It was worthwhile because their spaces are popular with passengers flying on Oneworld alliance partners American Airlines, British Airways and Finnair, who use the same terminal. Every time a passenger walked up, Cathay Pacific raked in £30-£100 ($38-$125) depending on whether access was granted to first or business class facilities. Nice!

For many frequent flyers, airport lounges are almost sacred spaces. They know and care about what each one has to offer. Cathay Pacific had an excellent reputation for tasty dim sum, comfy seats, snazzy decoration and speedy wi-fi. That many passengers choose to go there rather than their own airline’s space is testament to good design and attention to detail.

But how can the airlines, airports and third-parties who design and operate lounges today use data to figure out how their existing facilities are performing, how to make them better and how to use them to capture passengers from rivals?

The answer lies in understanding and using several different data sources together. Information about frequent flyer programmes, class of service, club memberships and on-the-day data about how people use different parts of the airport can be combined to get a detailed view of exactly how different lounge guests value each part of the experience.

Combining all these data points is tricky, and until recently on-the-day data about specific passengers that could be linked with other sources was hard to come by.

At Surveyapp we have developed the Survey Kiosk, powered by iPad technology to conduct detailed, real-time passenger research. The data generated by our kiosks can be combined with other sources to answer three open questions about lounge performance. Read on to find out how…

How does travel profile influence how passengers perceive a lounge?

Not every passenger going into a lounge has the same travel profile.
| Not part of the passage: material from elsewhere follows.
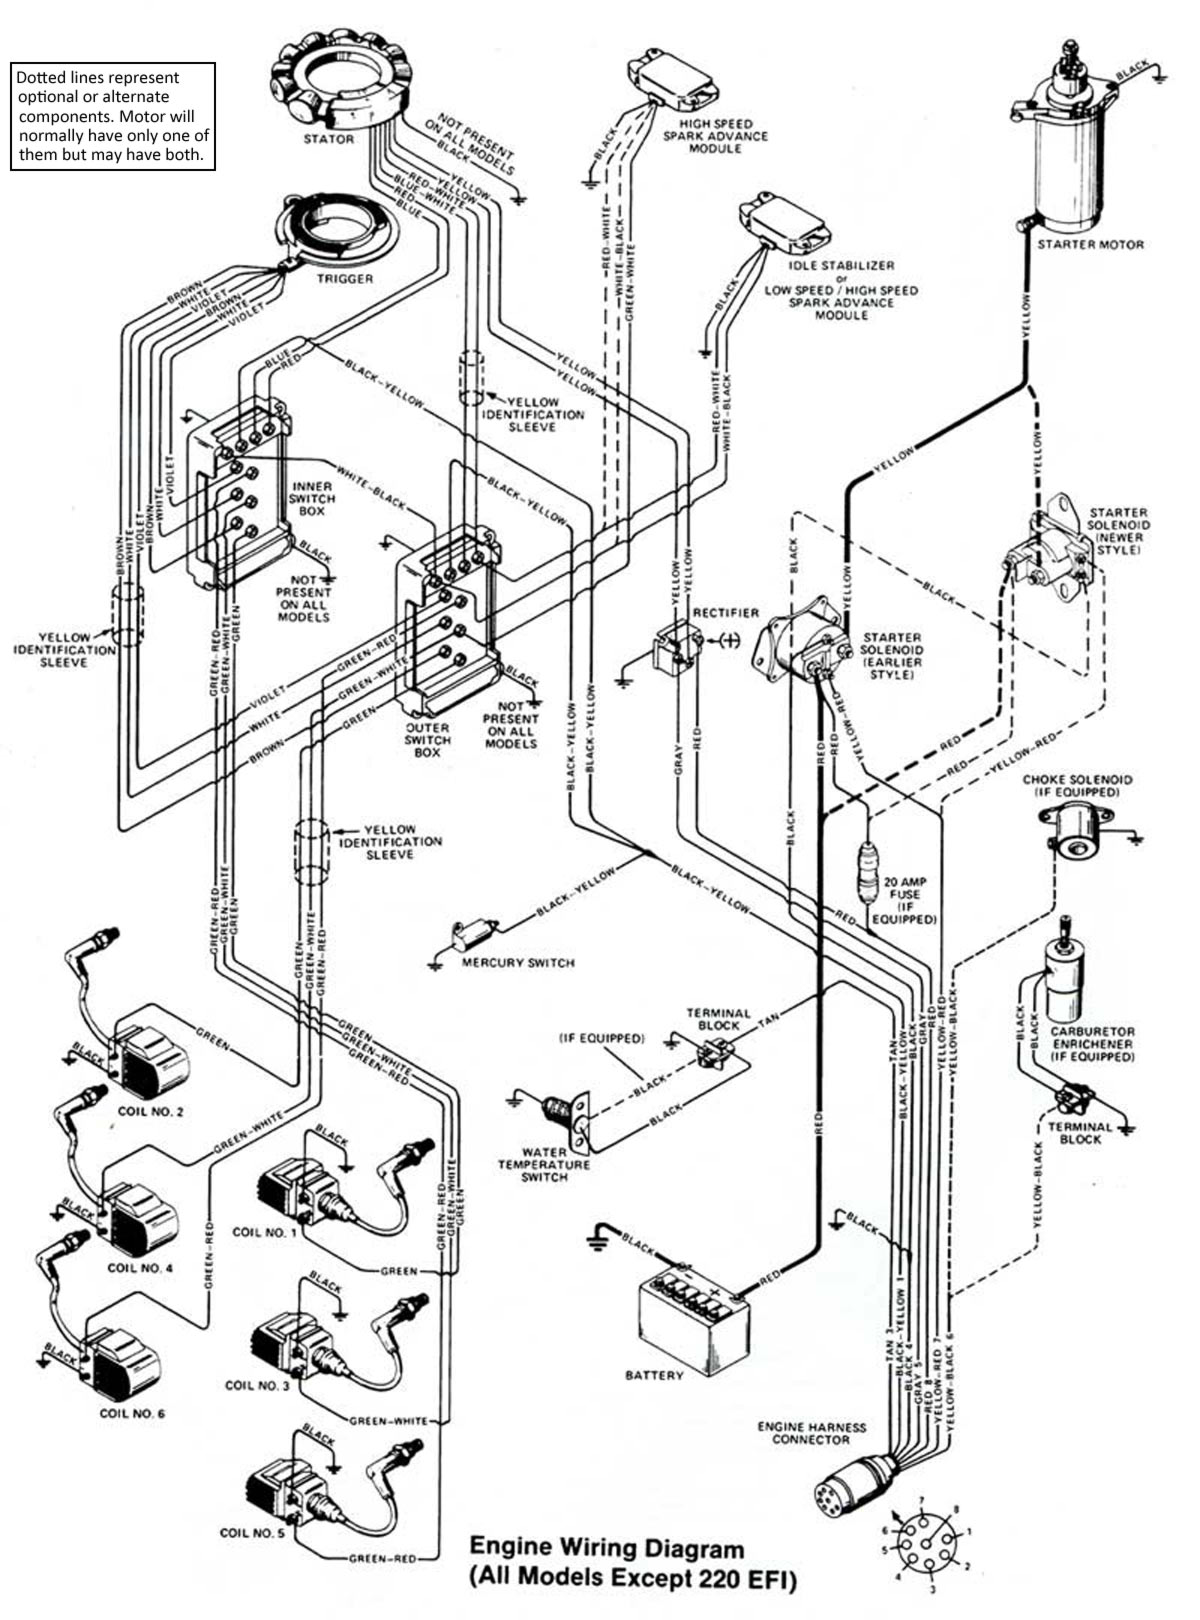 50 Hp Mercury Outboard Wiring Diagram / Skematics For 4.5 Hp 2 Cycle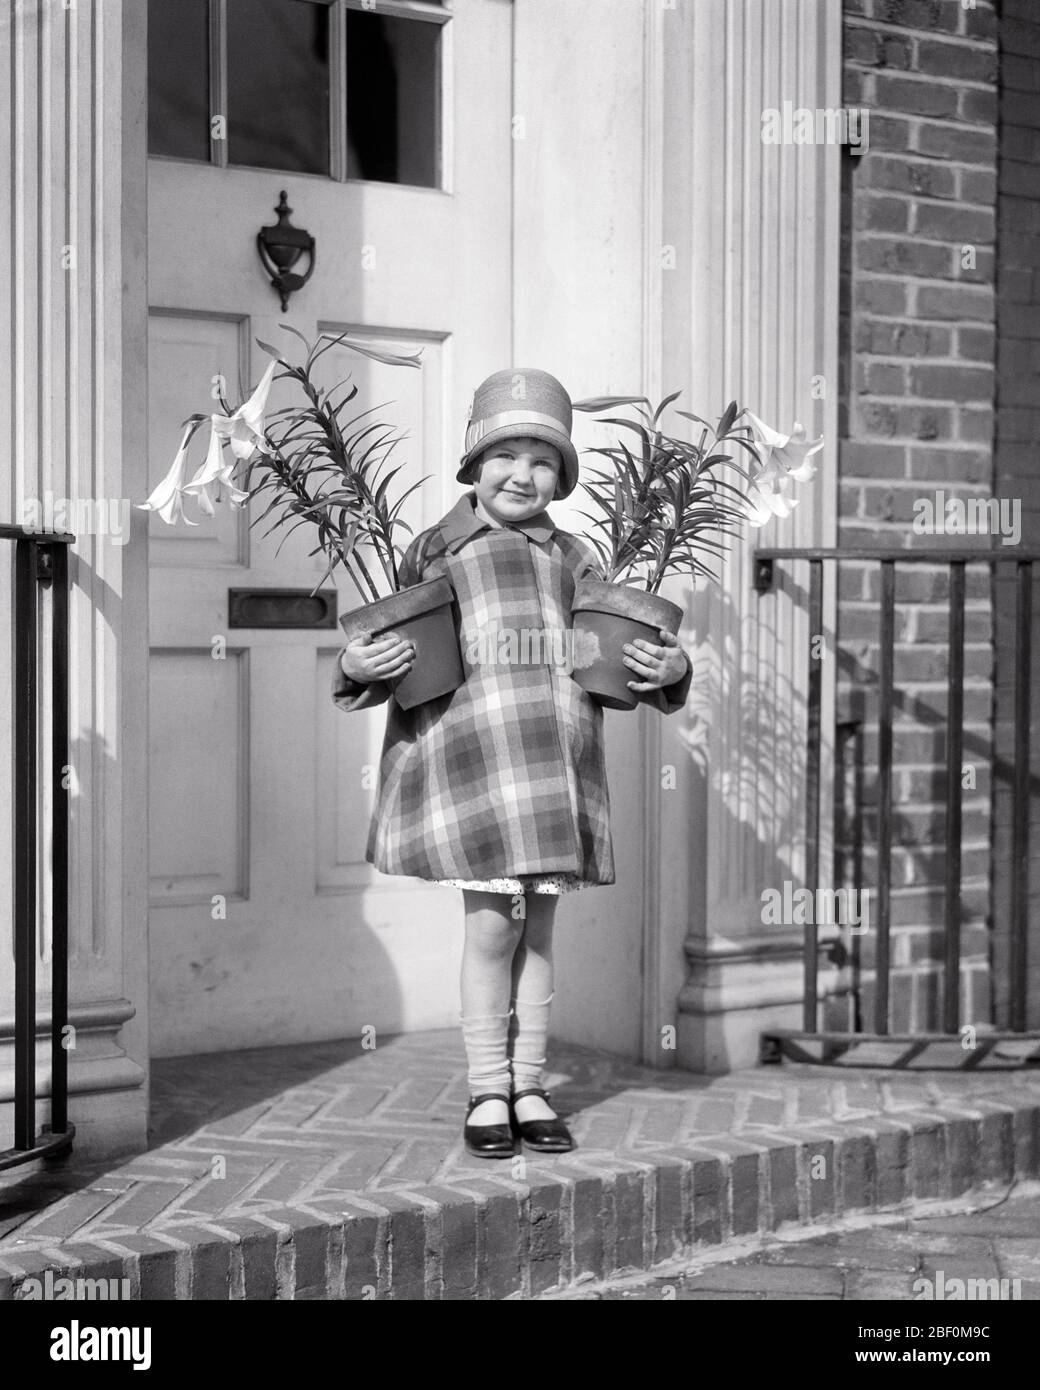 1920s GIRL WEARING CLOCHE HAT PLAID COAT MARY JANE SHOES SOCKS FALLING DOWN HOLDING TWO POTS OF EASTER LILIES AT FRONT DOOR - e89 HAR001 HARS JOY LIFESTYLE SATISFACTION RELIGION FEMALES EASTER HOME LIFE COPY SPACE FRIENDSHIP FULL-LENGTH INSPIRATION FESTIVAL CHRISTIAN PLAID CONFIDENCE MARY B&W EYE CONTACT CHEERFUL CHRISTIANITY EXTERIOR CLOCHE SMILES CONNECTION JOYFUL STYLISH LILIES JANE JUVENILES BLACK AND WHITE HAR001 OLD FASHIONED Stock Photo

There are seven main groups:

  1. First or business class passengers
  2. Frequent flyers with economy or premium tickets holding lounge access privileges
  3. People travelling with an airline’s partners, entering under alliance rules
  4. Paid-up members of a lounge access club like Priority Pass
  5. Passengers who pay for access on the day
  6. People offered lounge access as a service recovery “apology” from an airline or airport
  7. Airline staff on duty travel, although many airlines do not allow this.

Not every lounge serves every possible group.

It is important that lounge managers understand how each group values the lounge because their different revenue profiles indicate the lounge’s contribution to airline and airport revenue.

First and business class passengers pay the highest ticket prices and airlines may pay a premium to airports for access to fast track and lounge facilities. But if it turns out that they do not value the lounge highly, for example because they tend to arrive shortly before flights, the operator may prefer to spend its budget addressing the needs of people who fly economy class frequently enough to earn lounge access instead.

These can be quite different. For example eastbound flights from North America to Europe tend to operate during the hours of darkness. Passengers with plush business class beds may want to sleep all the way and eat their meal in the lounge before boarding. A shiny-card holding economy passenger on the other hand may prefer a space to work or cocktail service, knowing that eating a meal on the plane will fill an hour on a tough red-eye.

Surveyapp’s Survey Kiosks are ideal for understanding how different types of passenger experience the lounge. If passengers are invited to scan their boarding passes, their frequent flyer status or class of service can be matched with their answers or even reconciled against an airline or airport’s own database of frequent flyers.

Operators who use this information effectively can deploy their budget for lounge development to target not only the people who will appreciate it the most, but also the people who will both appreciate it AND spend a lot of money on travel with that airline or through that airport in the future.

 

Where and when do passengers choose to spend money at restaurants & cafes rather than eating complimentary catering in the lounge?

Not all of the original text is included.